4. Energy Rejuvenation

Being exposed to happy, bright colors can help a person feel more rejuvenated, because they increase mental brain activity. Therefore, a person is more energized and ready to go about their day. This can be helpful when dealing with the low-energy levels associated with depression.

5. Reduced Anger

Color therapy can help reduce a person’s anger, as it works to create environments that elicit feelings of calm and happiness, rather than aggression. Try including pops of bright colors like yellow or orange in your home or as a part of your daily attire.

6. Improved Relationships

When a person is dealing with excessive stress or sadness, their communication with others may not be the greatest. Because color therapy is believed to help replace such emotions with positive ones, a person may be more open to socialization. Therefore, they can work to further develop their current relationships or seek new ones.

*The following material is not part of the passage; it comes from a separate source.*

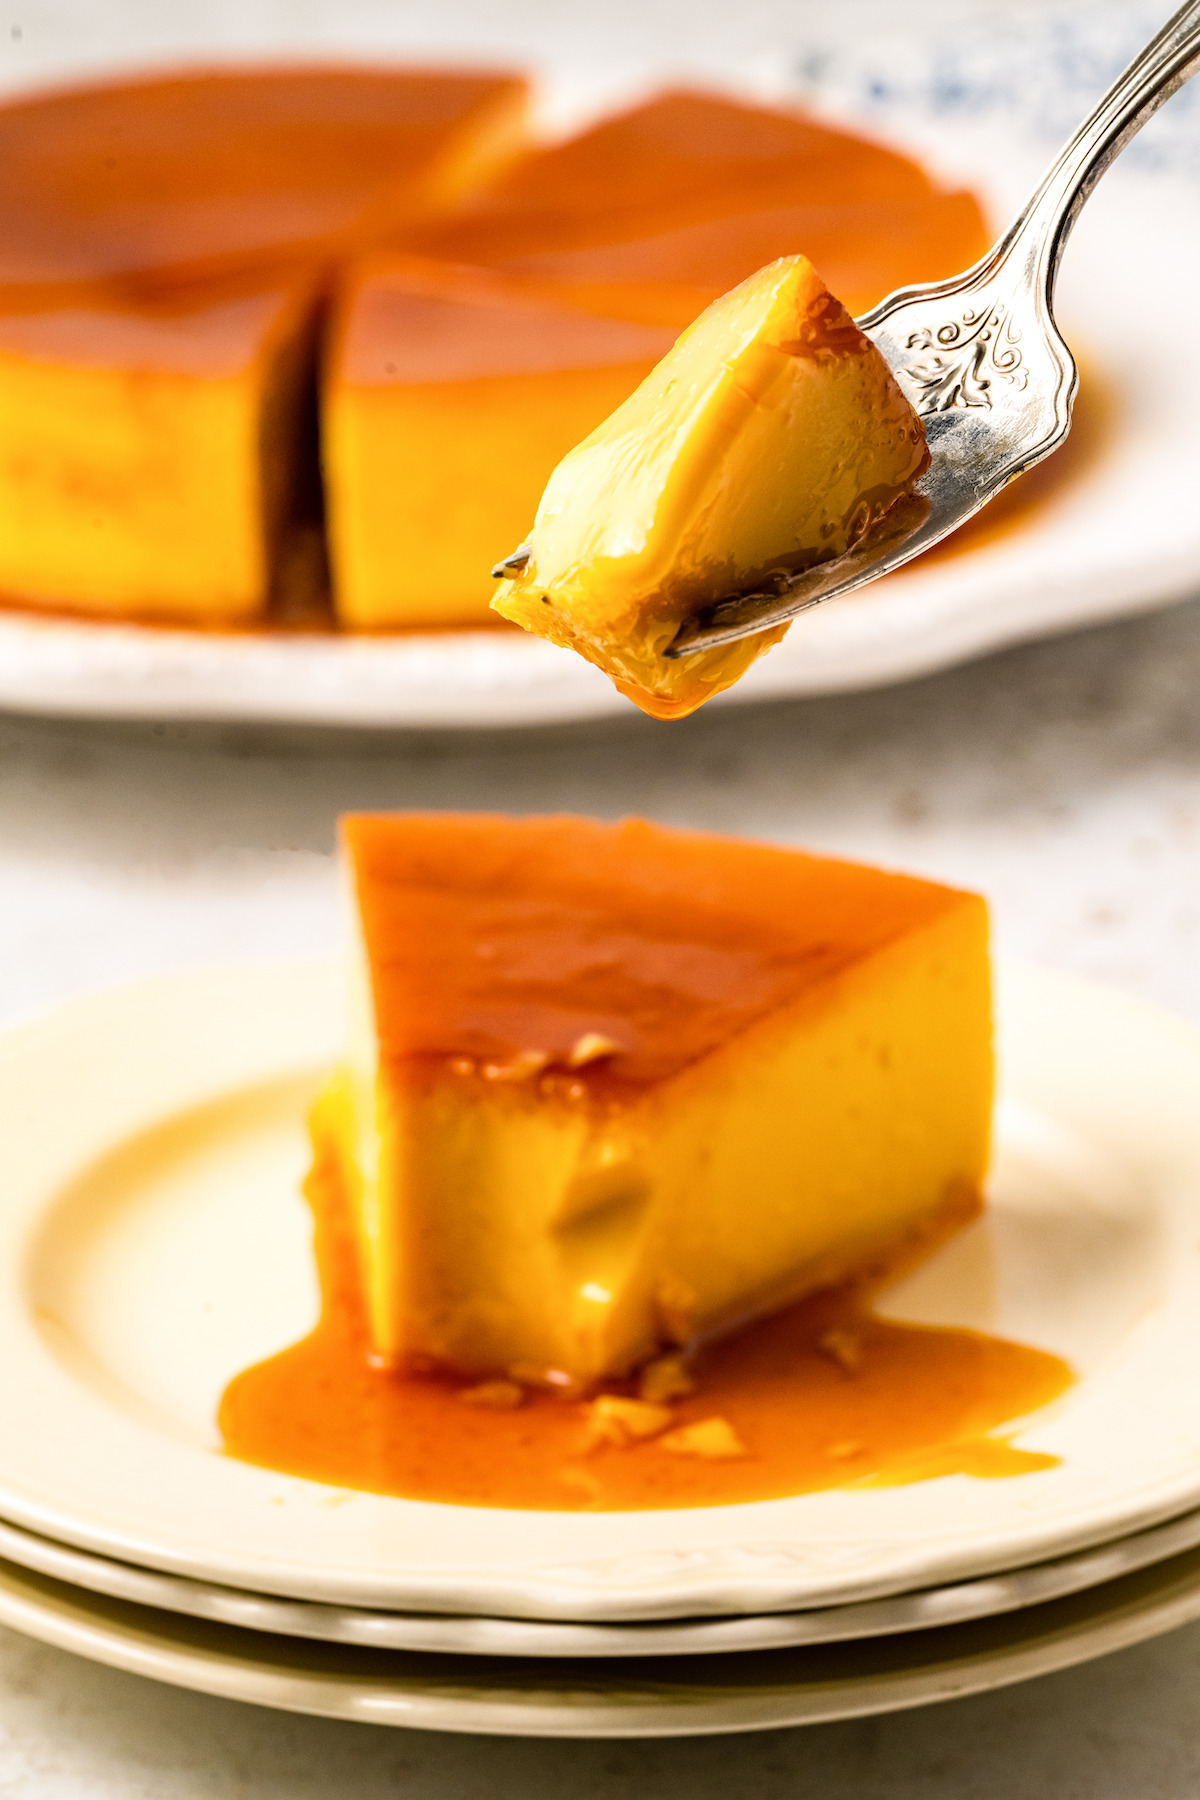 Spoonful of flan with caramel.

Is Color Therapy a Good Fit for Me?

If you have not responded well to other treatment modules, color therapy may be beneficial. Considering a more holistic approach is never a bad idea, but it’s important to consult with a clinician who specializes in color therapy to determine if it’s a good fit for you. Everyone reacts differently to therapy, so you should not expect to experience the same results as another person.